A number theory problem by Eamon Gupta

$(a^2+b)-(a+b^2)=(a-b)(a+b-1)=\mathfrak Z$

For $\mathfrak Z$ to be a prime, one out of $a-b$ or $a+b-1$ must be $1$ . Setting $a+b-1=1$ gives $a=b=1$ and hence $\mathfrak Z=0$ which is not a prime , hence rejected. Now let's take $a-b=1$ or $a=b+1$ while $a+b-1=(b+1)+b-1=2b$ and its obvious that $2b$ is a prime only when $b=1$ and hence $a=b+1=2$ while $\mathfrak Z=(1)(2)=2$ .

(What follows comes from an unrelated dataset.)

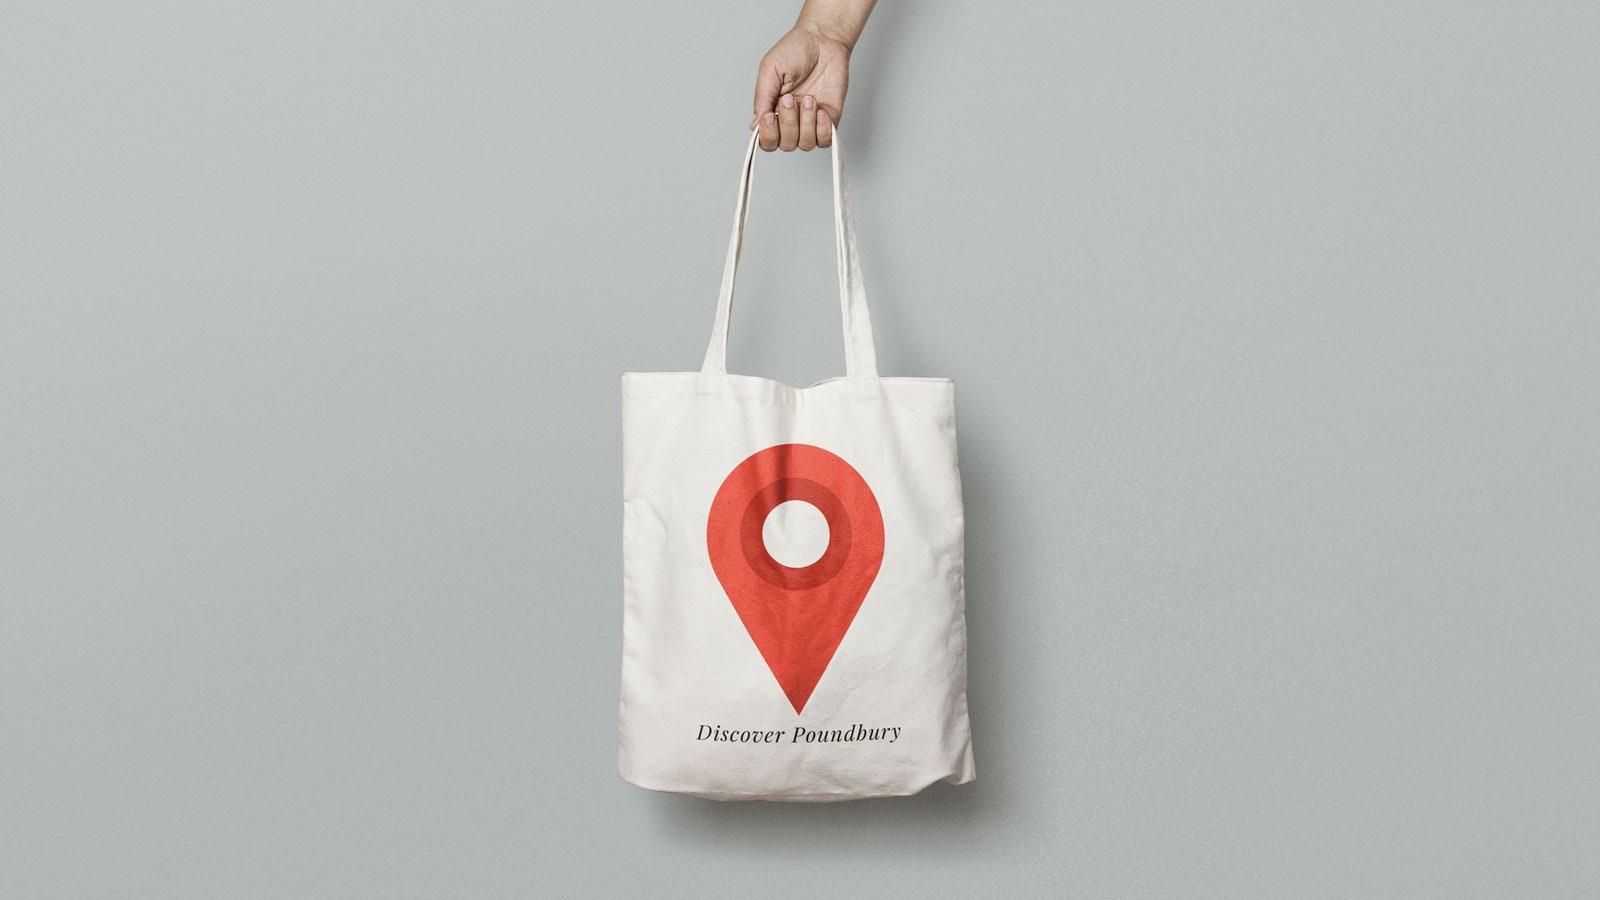 work-discover-poundbury-bag

$\large \therefore (1+2)^2=\boxed{\color{#007fff}{9}}$

WLOG $a^2+b > a+b^2$ :

$(a^2+b)-(a+b^2) = a^2-b^2-(a-b)=(a-b)(a+b-1) \Rightarrow \text{prime}$

All primes have 2 factors: 1 and itself, therefore one of the factors must be 1:

$a-b<a+b-1$ therefore $a-b = 1 \rightarrow a= b+1$

Substituting this: $((b+1)-b)((b+1)+b-1) = (1)(2b)=2b \rightarrow prime$

The only multiple of 2 which is prime is 2 itself; therefore $\boxed{b=1}$

$a = b + 1 \rightarrow \boxed{a=2}$

Therefore $(a+b)^2=\boxed{9}$